After an uneventful drive north, we arrived at our usual accommodation in Birkenhead, a B & B guest house located just 1.5 kilometres from Julia’s home, where the boys will remain living while finishing their current term at School, which ends just a week after we finish our three months of work at the Zoo. In the meantime, we were assisting Julia with sorting and packing everything in her home, selling what she does not want to keep and putting into a storage shipping container what she wants to keep, which will be shipped to Western Australia, as well as arranging passports for the boys and started the process for immigration to Australia.
At dinner time, we told Julia and the boys about the family buying a new home for all of us to live in, explaining that it was a large property on the edge of town, with Julia having her place to live, which is very close to the main house, where she can have dinner with us every evening.
We explained about the few dangers that we have in the region that we live in, including snakes, scorpions, and crocodiles, since the property is right next to the Ord River, but I ensured them that a Croc proof fence has been built around the property to keep them out.
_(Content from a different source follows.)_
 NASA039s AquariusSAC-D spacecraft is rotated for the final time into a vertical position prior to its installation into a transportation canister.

I explained that the property also has a large fruit orchard, as well as a swimming pool and tennis court, with views of the river, and surrounded by a large area of lawn.
When our final week of work at the Zoo arrives, we were called to Dr Langford’s office for a meeting, where we were asked to extend our stay for another four weeks, and I reminded the Director that we now had the responsibility of two boys to look after and that unfortunately, we would be ending our time with the Zoo on time, as expected as we need to return to Australia.
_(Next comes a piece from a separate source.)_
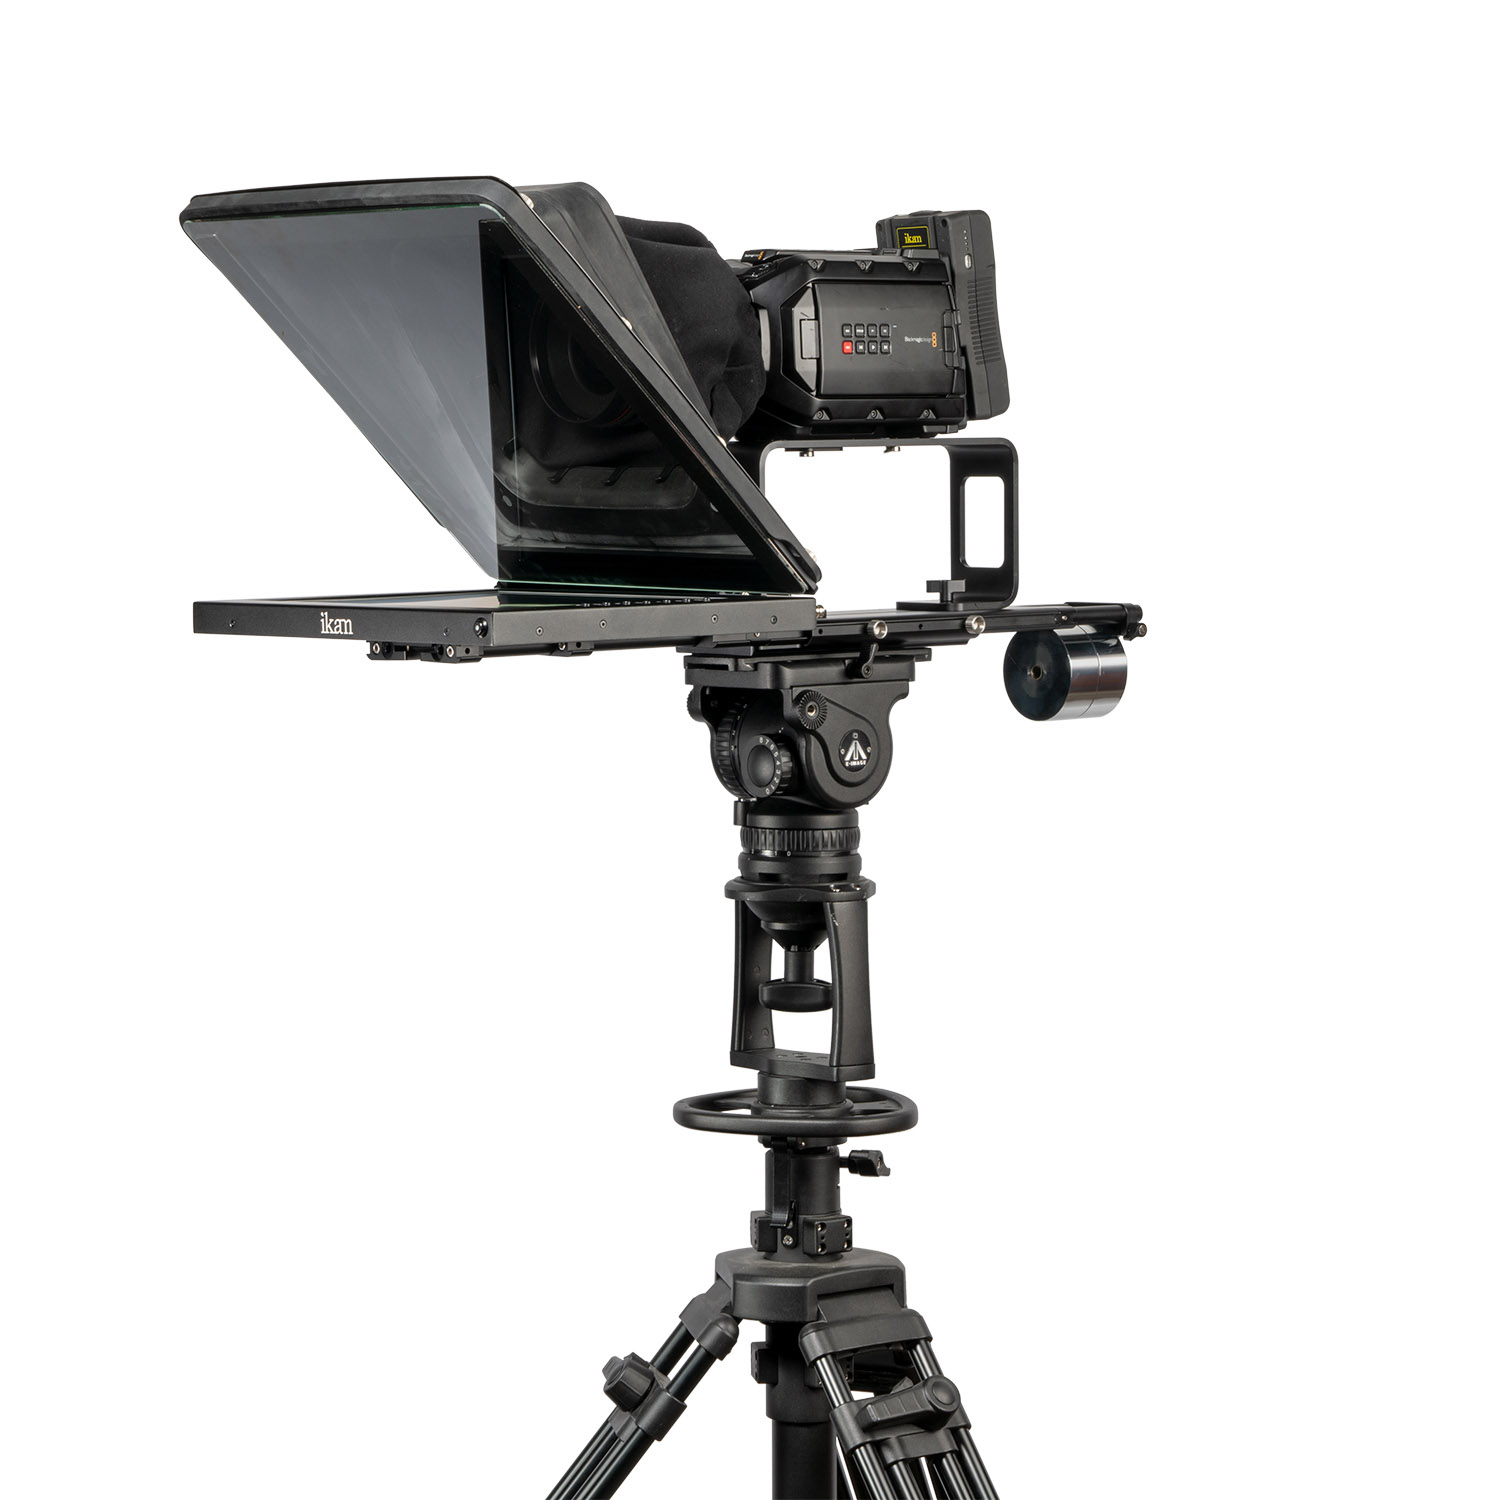 Ikan Professional High-Bright Teleprompter with Talent Monitor Kit (15 ")

After finishing work at the Zoo, we had two days before we boarded our 21-hour long flight directly to Perth, with Julia and the boys carrying just what they need, and I had booked us business class seats so that we would be reasonably rested, although Marcus and I spent a good amount of time discussing our futures and the future of our practice.
While waiting four hours for our connecting flight to Kununurra, we were on the telephone with Auggie, and during that time we had more in-depth discussions about what Marcus and I had discussed, and by the time we were about to board our last flight, some major decisions had been made.
Our two practices in the East Pilbara region, that been Marble Bar and Newman, would put on the market, and Marcus and I would also be putting Limestone Station on the market, as we wanted to just be based in the Kimberly district.
Similar discussions had been happening between Mum, Uncle Owen, and myself, about the family cattle station business. Like with the Vet Practice, we had decided that it was getting too big to handle, so we would be keeping just a handful of stations and selling the rest.